基于粒子群优化的多目标模因算法用于高维特征选择

特征选择作为降维方法之一，是处理高维数据的关键处理步骤。它试图保留代表整个特征空间的特征子集，以减少冗余，提高分类精度。由于这两个目标通常是相互冲突的，因此特征选择被建模为一个多目标问题。然而，现有的进化多目标算法由于搜索空间大、Pareto前离散等问题，求解起来并不容易。经典的进化计算方法通常直接用于特征选择问题，在搜索过程中逐渐暴露出其低效率。为此，本文设计了一种基于粒子群优化的多目标模因算法用于高维特征选择。其基本思想是将特征选择建模为一个多目标优化问题，同时对有监督条件下的特征数量和分类精度进行优化，其中设计了基于信息熵的初始化和自适应局部搜索来提高搜索效率。此外，设计了一种同时考虑解的收敛性和多样性的粒子速度更新规则来更新粒子，并设计了一种快速离散非支配排序策略来对Pareto解进行排序。这些策略使得所提算法在特征子集的质量和大小上都获得了更好的性能。实验结果表明，该算法可以提高当前特征选择算法得到的Pareto前沿的质量。

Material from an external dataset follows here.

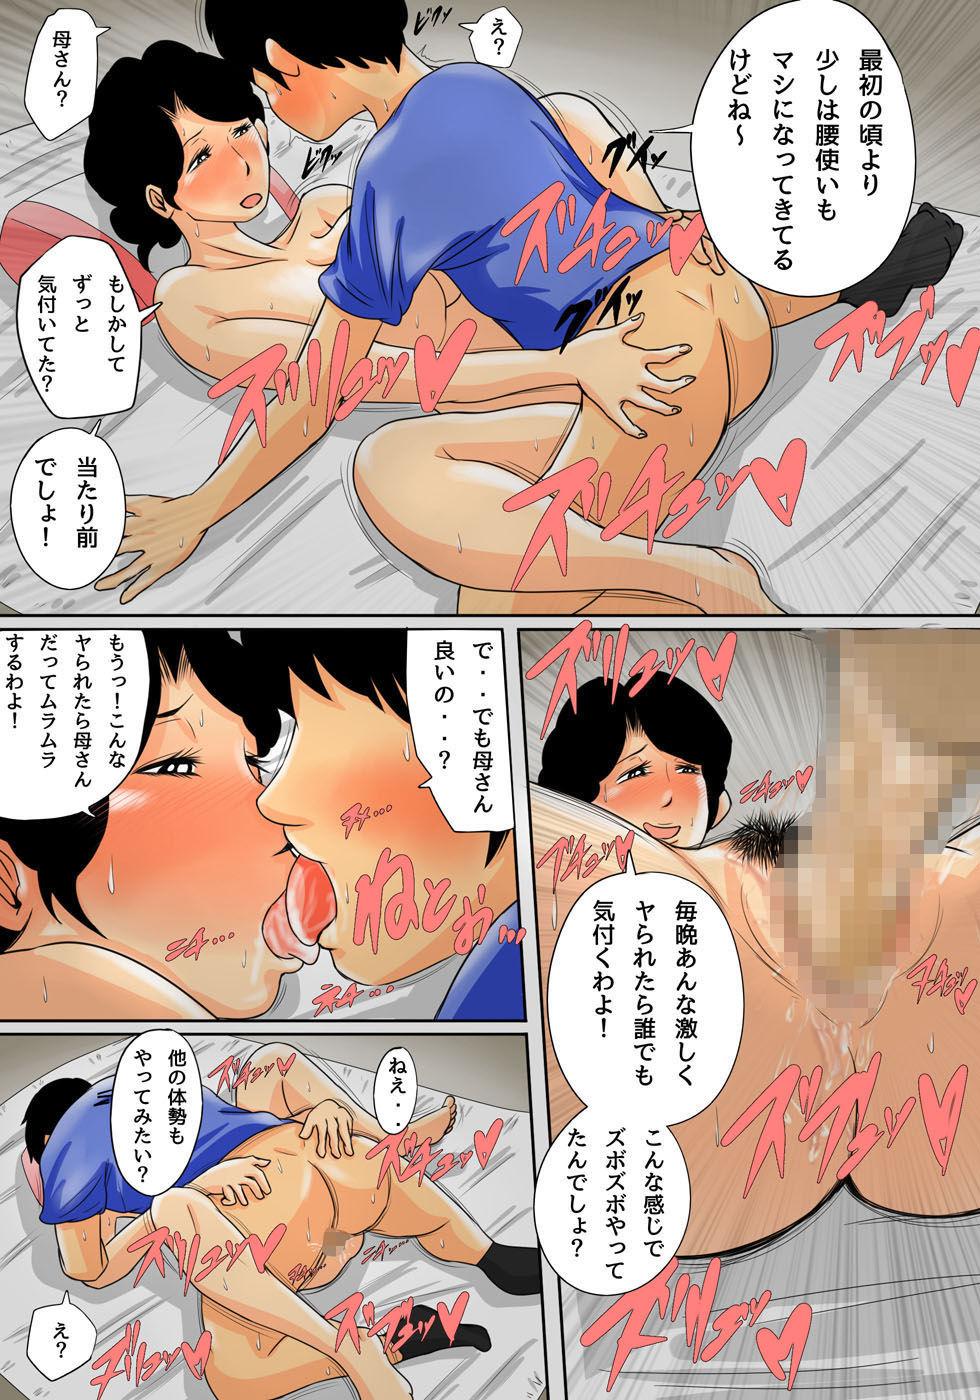 【夏目ベンケイ】眠ったお母さんをヤリたい放題!
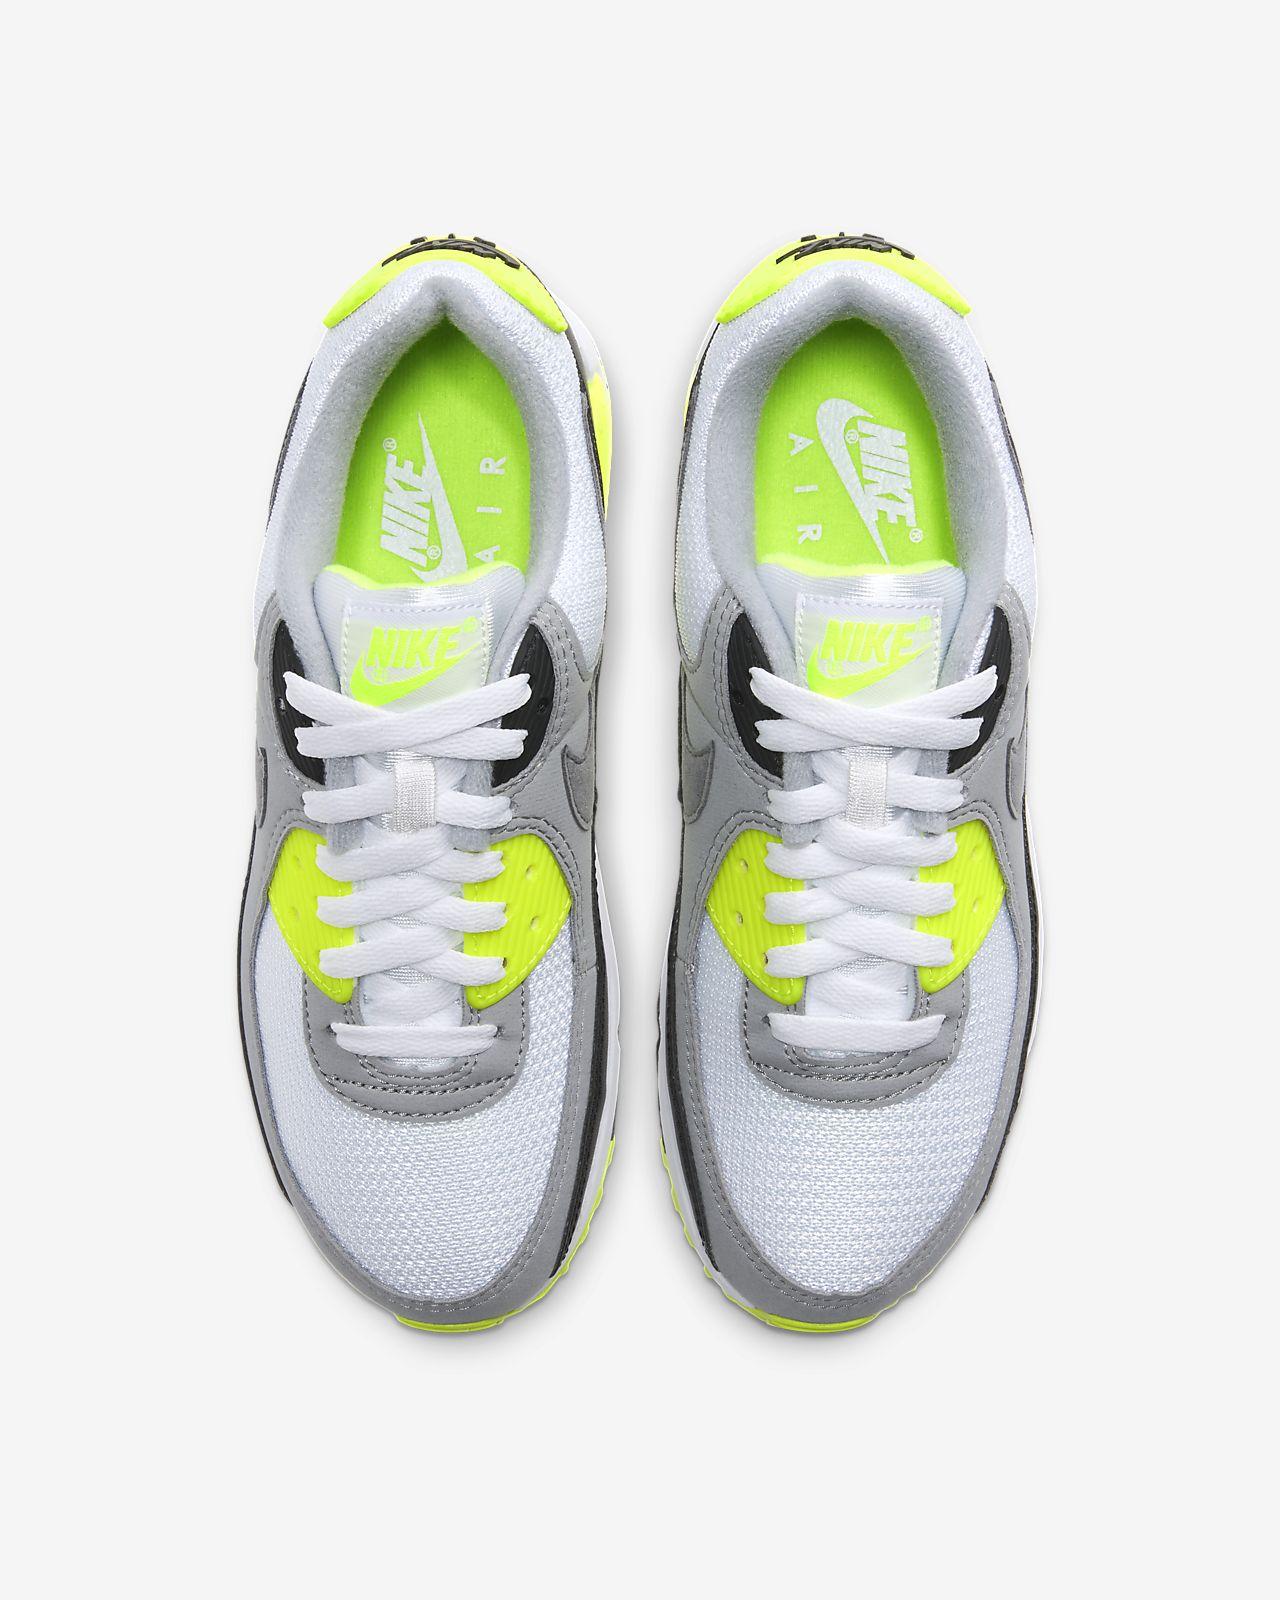 nike air max 90 neon hvit

本文章由计算机程序翻译，如有差异，请以英文原文为准。

求助全文

约1分钟内获得全文求助全文

来源期刊

Memetic Computing COMPUTER SCIENCE, ARTIFICIAL INTELLIGENCE-OPERATIONS RESEARCH & MANAGEMENT SCIENCE

CiteScore

6.80

自引率

12.80%

发文量

期刊介绍： Memes have been defined as basic units of transferrable information that reside in the brain and are propagated across populations through the process of imitation. From an algorithmic point of view, memes have come to be regarded as building-blocks of prior knowledge, expressed in arbitrary computational representations (e.g., local search heuristics, fuzzy rules, neural models, etc.), that have been acquired through experience by a human or machine, and can be imitated (i.e., reused) across problems. The Memetic Computing journal welcomes papers incorporating the aforementioned socio-cultural notion of memes into artificial systems, with particular emphasis on enhancing the efficacy of computational and artificial intelligence techniques for search, optimization, and machine learning through explicit prior knowledge incorporation. The goal of the journal is to thus be an outlet for high quality theoretical and applied research on hybrid, knowledge-driven computational approaches that may be characterized under any of the following categories of memetics: Type 1: General-purpose algorithms integrated with human-crafted heuristics that capture some form of prior domain knowledge; e.g., traditional memetic algorithms hybridizing evolutionary global search with a problem-specific local search. Type 2: Algorithms with the ability to automatically select, adapt, and reuse the most appropriate heuristics from a diverse pool of available choices; e.g., learning a mapping between global search operators and multiple local search schemes, given an optimization problem at hand. Type 3: Algorithms that autonomously learn with experience, adaptively reusing data and/or machine learning models drawn from related problems as prior knowledge in new target tasks of interest; examples include, but are not limited to, transfer learning and optimization, multi-task learning and optimization, or any other multi-X evolutionary learning and optimization methodologies.